Solving the Programming Challenge

Climbing the Leaderboard

Problem

An arcade game player wants to climb to the top of the leaderboard and track their ranking. The game uses Dense Ranking , so its leaderboard works like this:

  • The player with the highest score is ranked number 1 on the leaderboard.
  • Players who have equal scores receive the same ranking number, and the next player(s) receive the immediately following ranking number.

Example

ranked = [100, 90, 90, 80]
player = [70, 80, 105]

The ranked players will have ranks 1, 2, 2, and 3, respectively. If the player’s scores are 70, 80 and 105, their rankings after each game are 4th, 3rd and 1st.
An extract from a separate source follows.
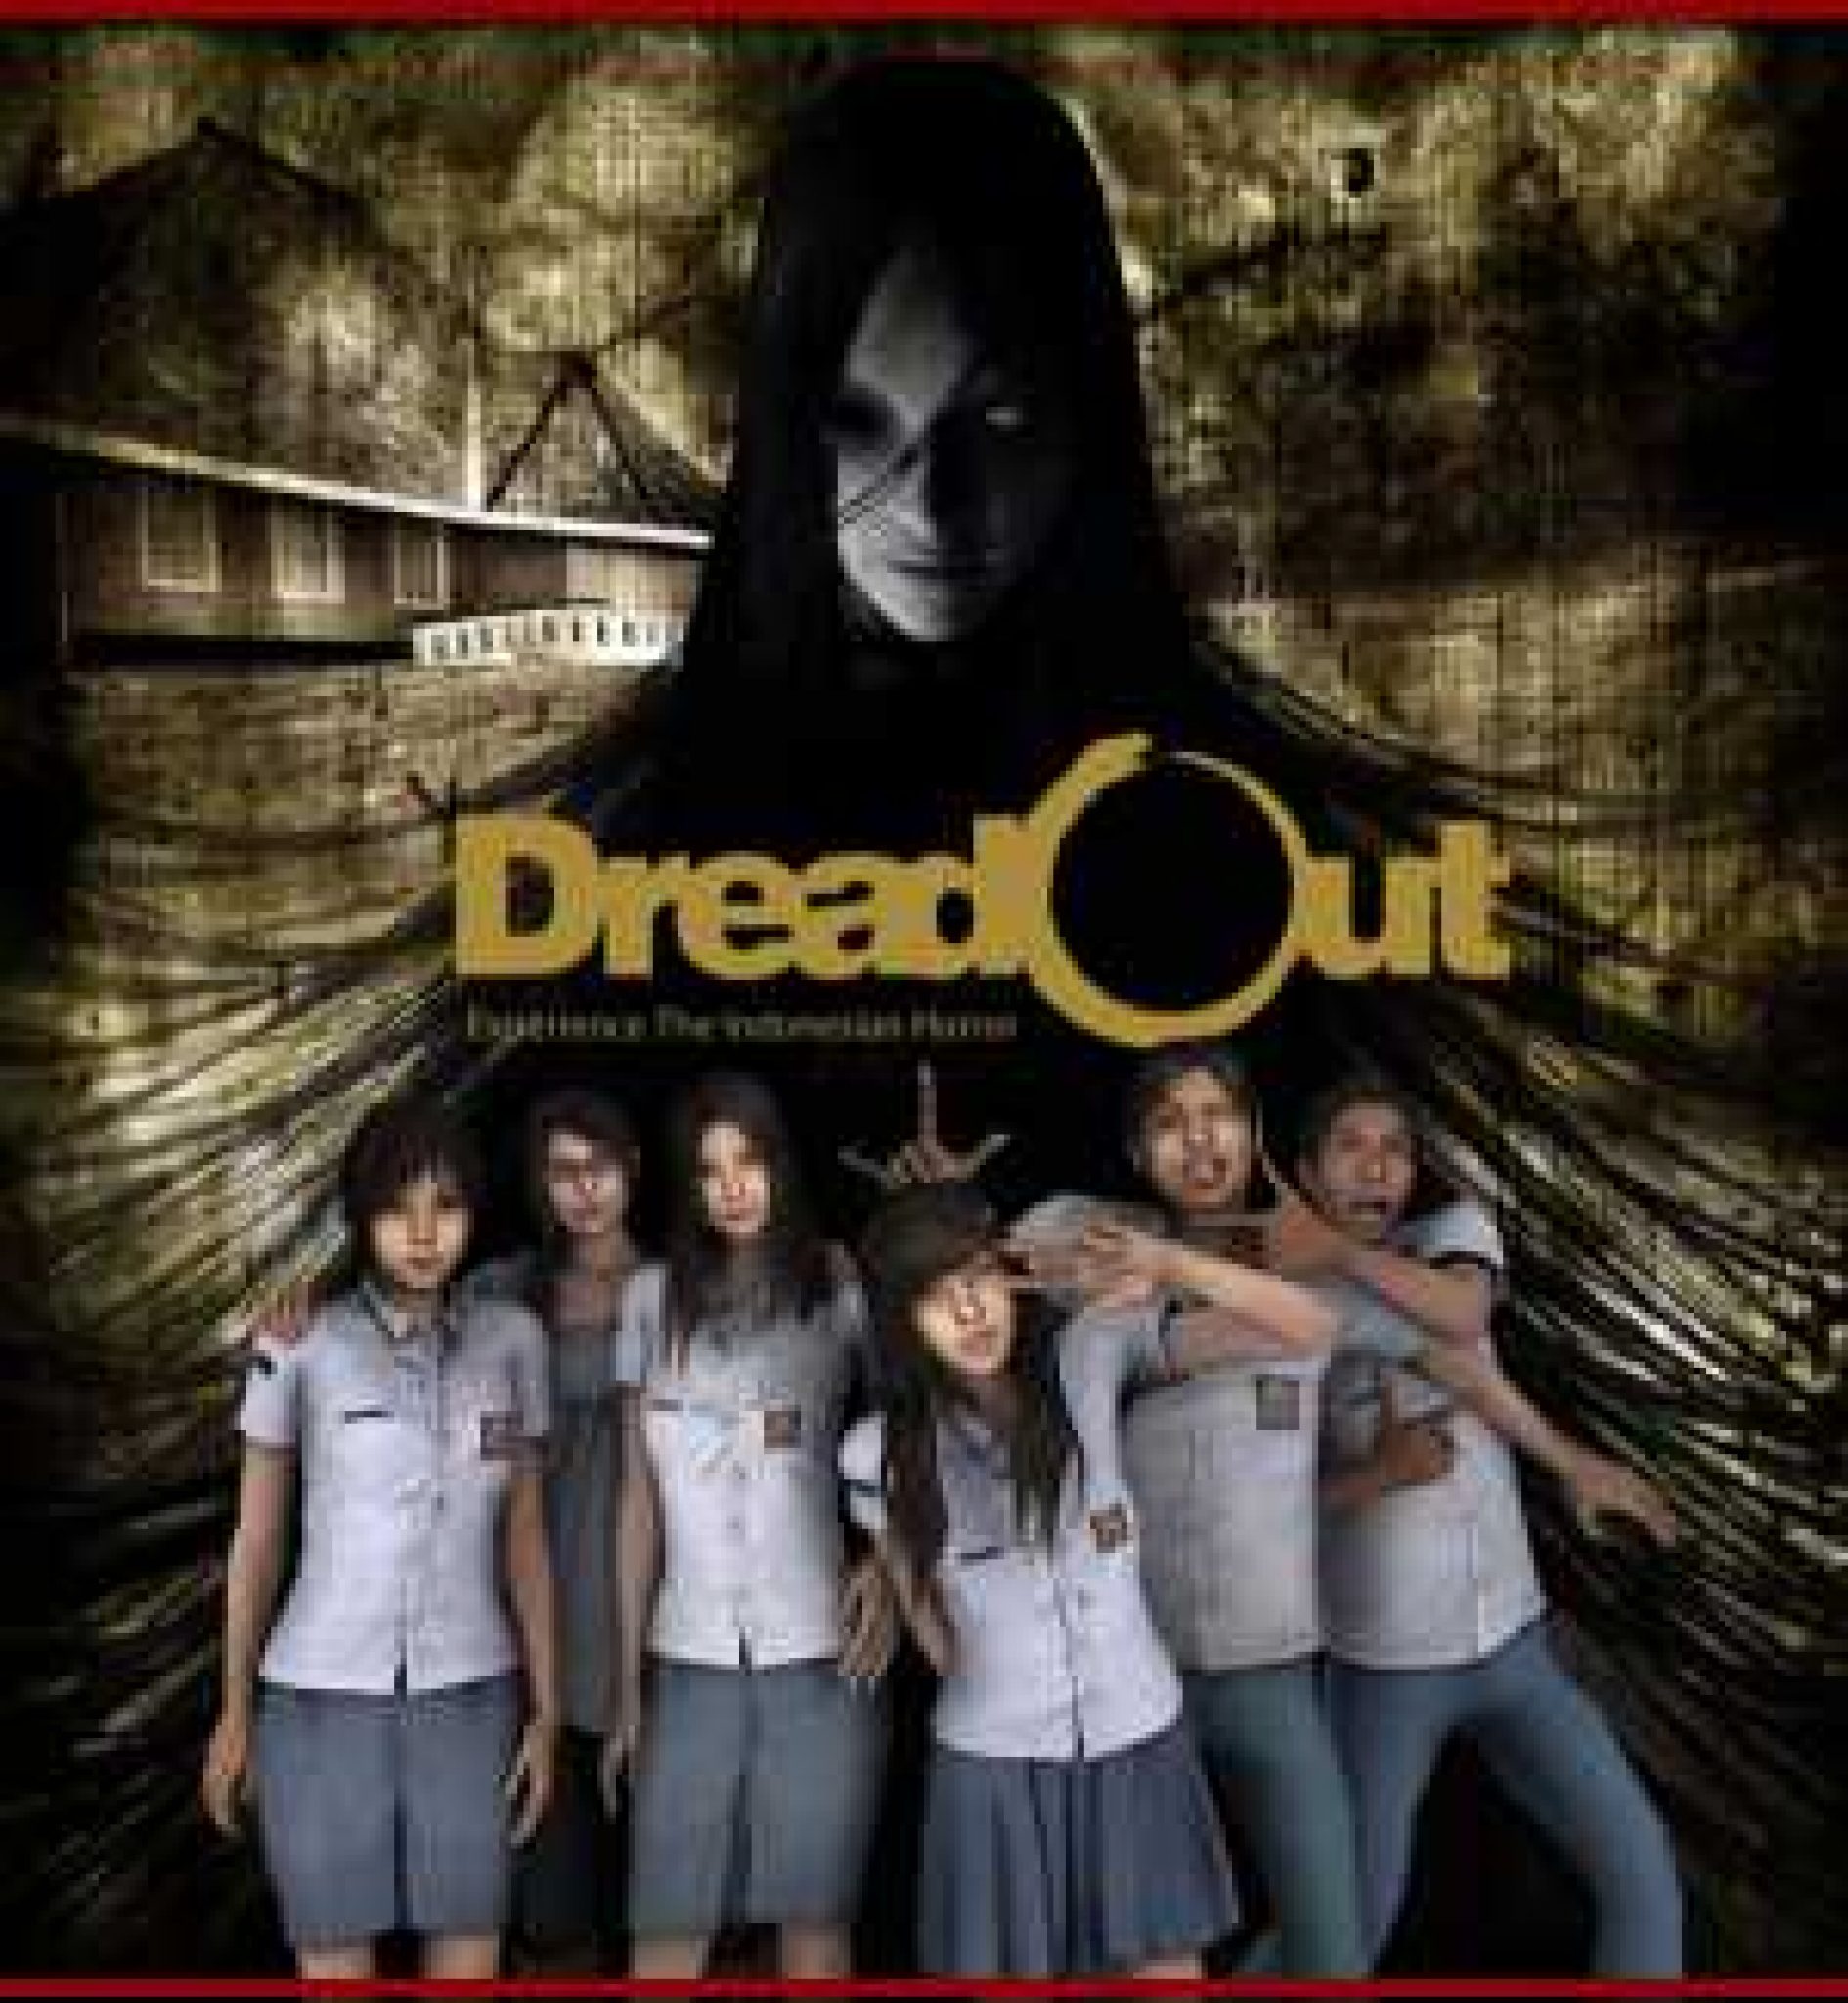 download dreadout 2 xbox for free
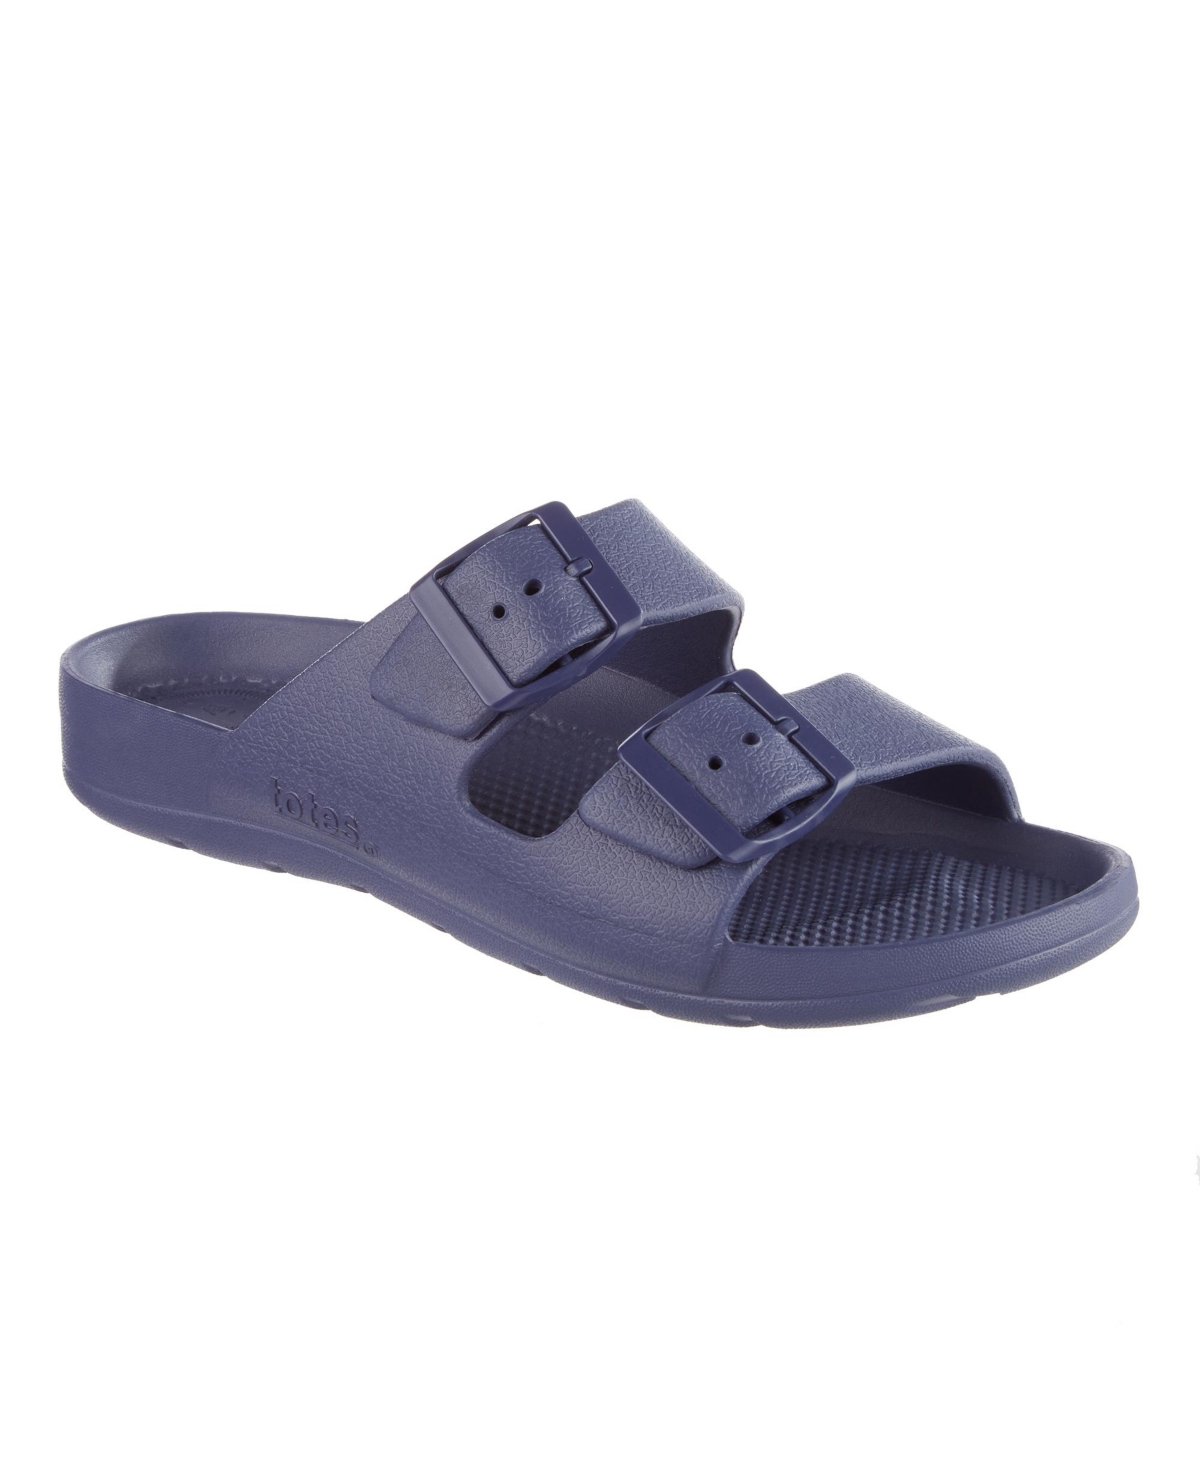 Totes Women's Double Buckle Adjustable Slide With Everywear In Navy Blue

Return [4, 3, 1].

Function Description

Complete the climbingLeaderboard function in the editor below.

climbingLeaderboard has the following parameter(s):

  • int ranked[n]: the leaderboard scores
  • int player[m]: the player’s scores

Returns

  • int[m]: the player’s rank after each new score

Read more on the challenge page…

My Solution

I’m providing the solution for Python and JS, please leave on the comments if you found a better way.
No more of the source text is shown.